Romance Series 25496

Nafisah terdiam menatap dirinya di cermin. Apa yang telah terjadi, semua sudah kehendak Allah. Tatapan Nafisah beralih ke area lehernya. Disana, masih ada bekas merah yang Daniel tinggalkan disana. Tatapan Nafisah begitu datar. Ia benci kenapa dari sekian banyak wanita di dunia ini, kenapa harus dirinya yang menjadi pilihan pria itu?

Nafisah menundukkan wajahnya. Ia terisak pelan. Astaga, tiada hari tanpa menangis. Menangis lagi menangis lagi. Sudah jelas, semua ini akibat hubungannya dengan pria yang tidak berperasaan. Kenapa makhluk yang namanya pria suka menyakitinya?

Nafisah frustasi. Mengusap kasar lehernya. Berharap jejak menjijikan itu bisa hilang walaupun pasti akan membutuhkan waktu. Merasa gagal, Nafisah marah. Ia menghambur semua yang ada di meja rias penginapan tersebut. Beberapa benda berjatuhan ke lantai.

"Kalau tidak mengingat Allah, rasanya aku akan bunuh diri saja..."

Dengan amarah yang sudah tak bisa Nafisah bendung, akhirnya Nafisah melempar Vas bunga tersebut ke lantai. Pintu terbuka lebar, Zulfa syok.

"Nafisah! Ya Allah..."

Buru-buru Zulfa merengkuh Nafisah yang rapuh. Ia membantu Nafisah berdiri, mencoba menjauh dari semua kekacauan ini dengan duduk di pinggir ranjang. Zulfa memeluk erat tubuh Nafisah yang bergetar hebat. Mungkin karena sesama perempuan, akhirnya Zulfa tak mampu membendung air matanya sendiri.

"Naf, sudah. Kamu membuatku sedih... "

"Laki-laki brengsek itu yang sudah buat aku begini. Aku terpikir untuk meminta kematian pada Allah agar menyudahi semua hal pahit ini."

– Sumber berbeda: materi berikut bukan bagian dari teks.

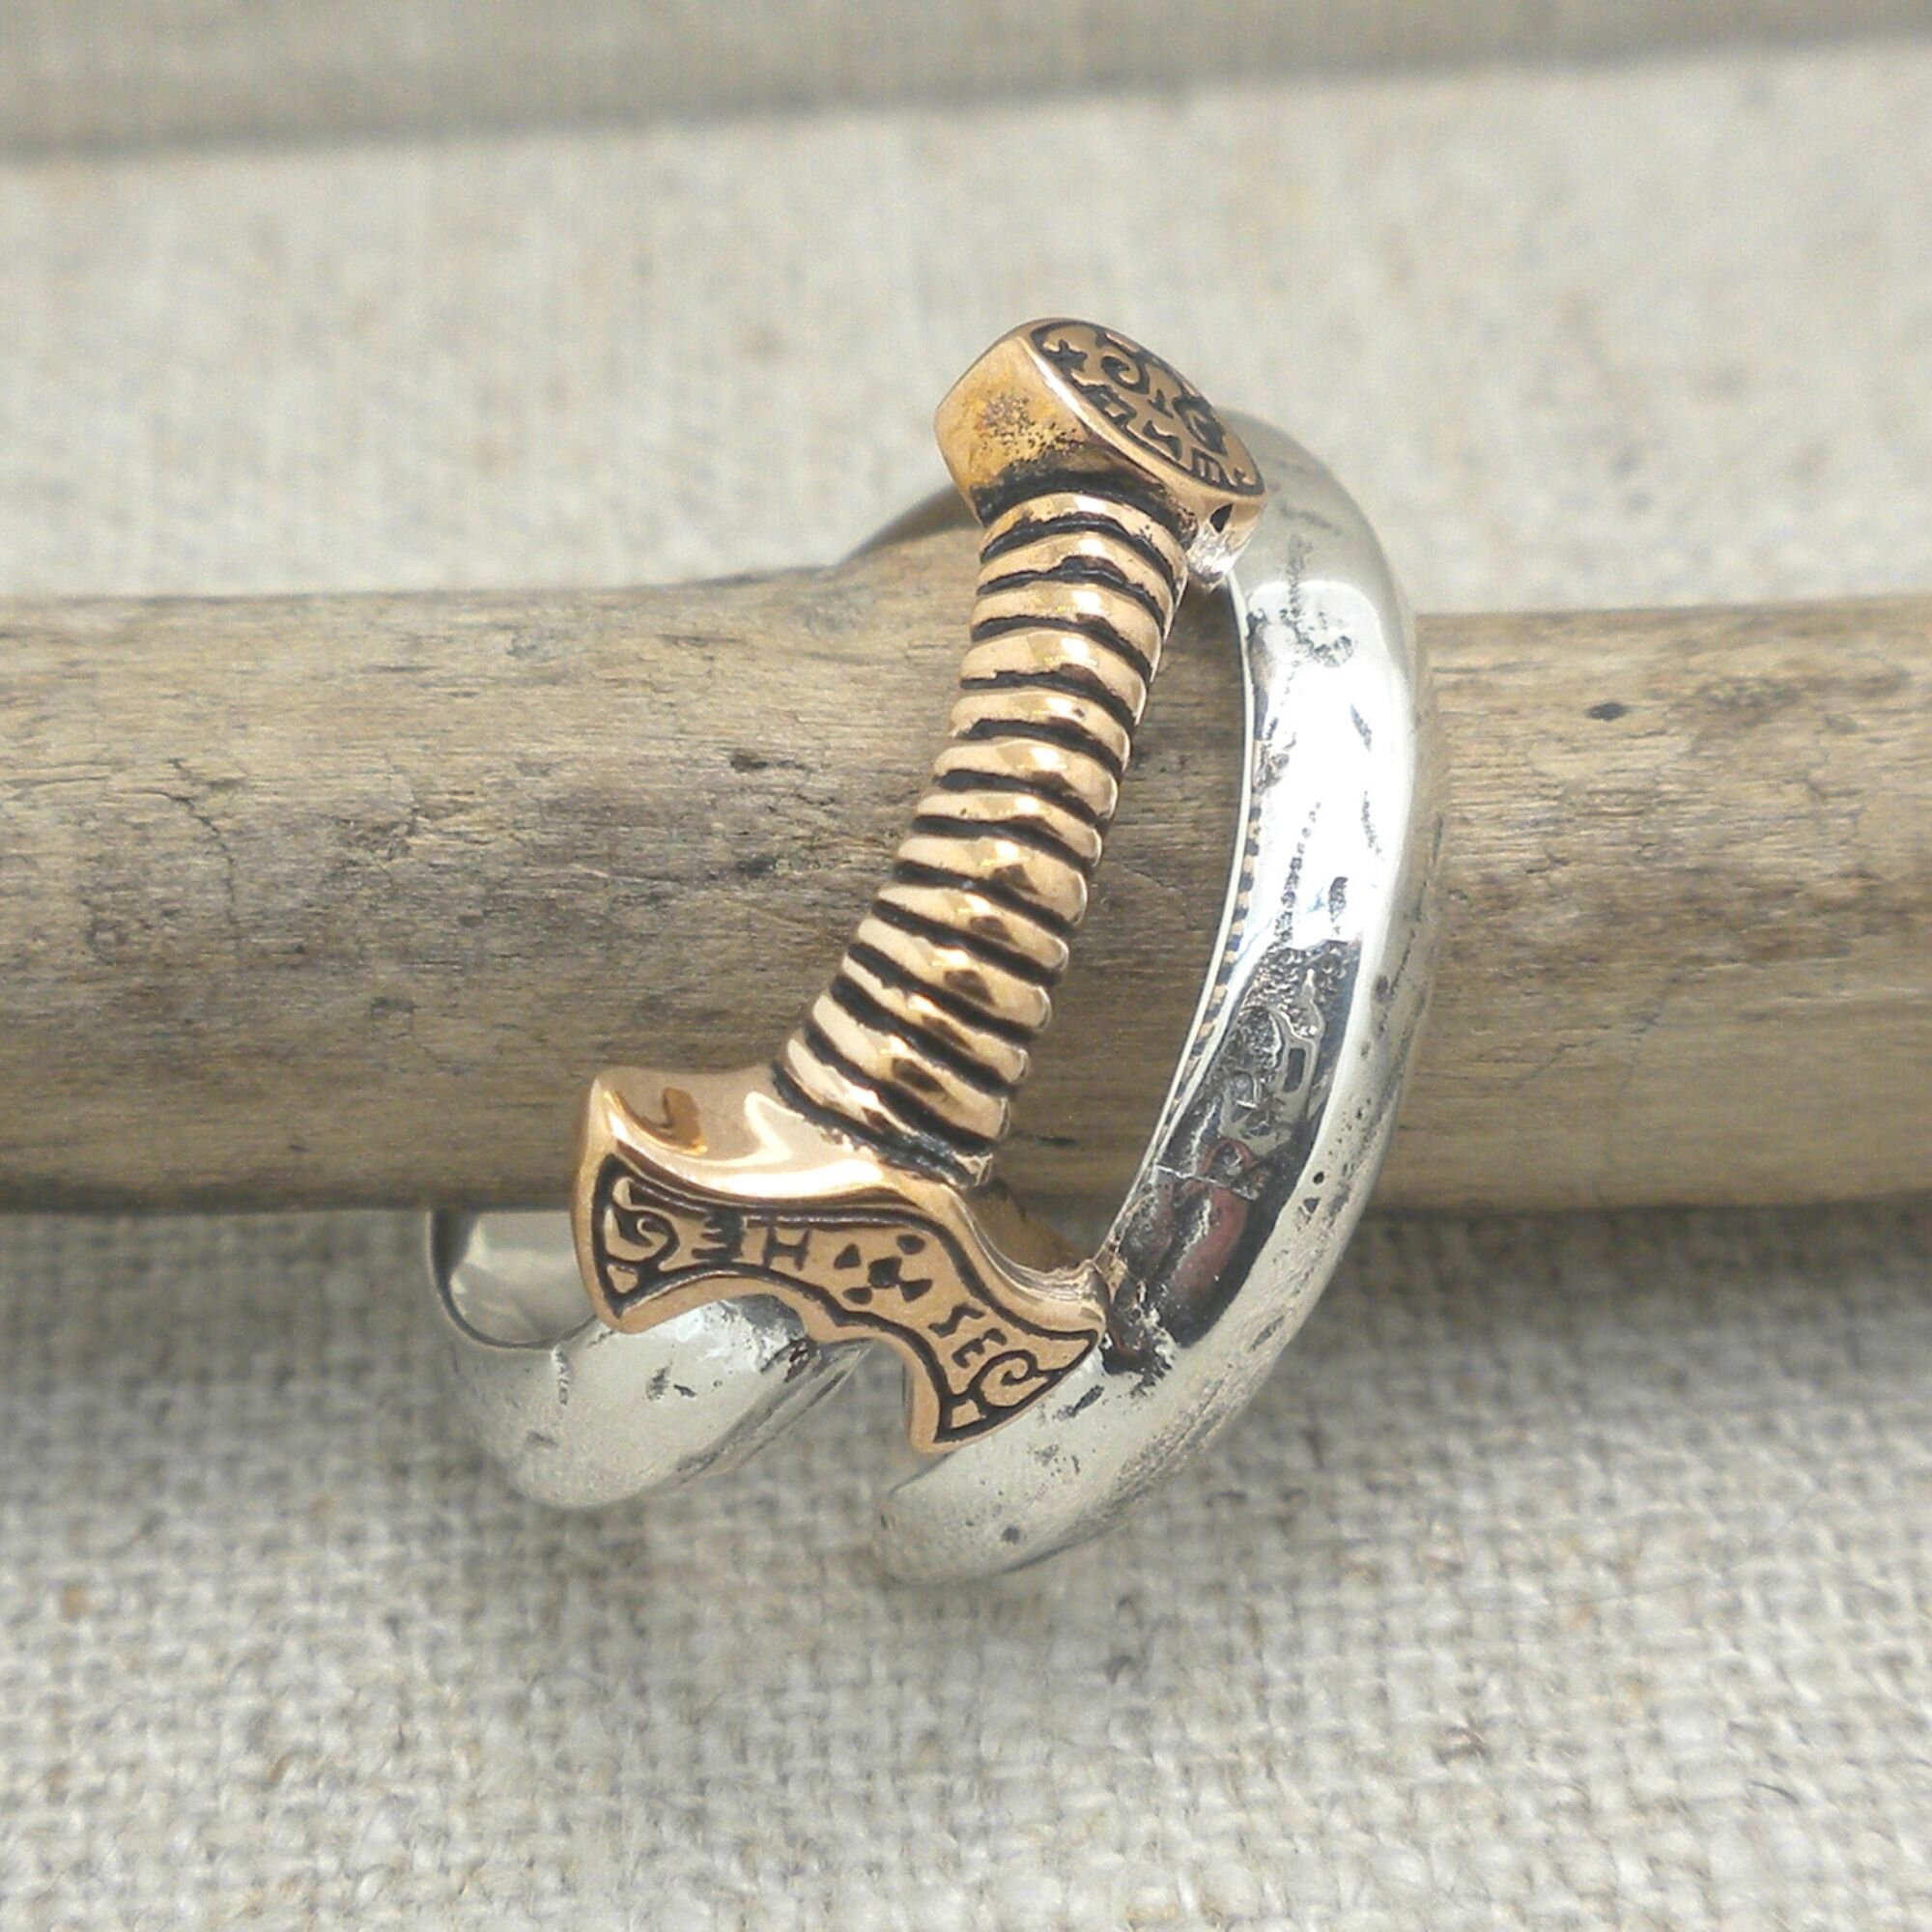 Petrichor Sword Ring by Keith Jack

"Enggak, nggak, jangan Nafisah.." Zulfa memegang kedua pipi Nafisah. Saling menempelkan dahi. "Jangan meminta kematian. Ingat hadist yang di riwayatkan oleh Bukhari Muslim Abu Daud dan Tirmidzi yang kita dengar saat pengajian waktu itu di mesjid?"

"Jangan sekali-kali ada orang di antara kalian menginginkan kematian karena tertimpa suatu bencana. Namun, jika sangat terpaksa, maka sebaiknya ia mengucpkan doa: ‘Ya Allah, biarkanlah aku hidup sekiranya hidup itu lebih baik bagiku dan matikanlah aku sekiranya kematian itu lebih baik bagiku’.” tambah Zulfa lagi.

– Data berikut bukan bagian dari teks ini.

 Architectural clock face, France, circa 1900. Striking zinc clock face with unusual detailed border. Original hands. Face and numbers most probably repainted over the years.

Zulfa kembali memeluk Nafisah erat. "Aku tahun semua itu berat. Tapi kita bisa lewatin ini bersama. Ada aku, Naf. Sejak 5 tahun yang lalu kita pertama kali bertemu dan berteman baik, aku sudah menganggapmu seperti sahabat. Kamu tahu nggak sih? Selain aku anak tunggal, seumur hidup dari jaman kecil sampai sekolah, aku belum pernah sedekat ini sama seorang teman. You're first for me. My bestie.."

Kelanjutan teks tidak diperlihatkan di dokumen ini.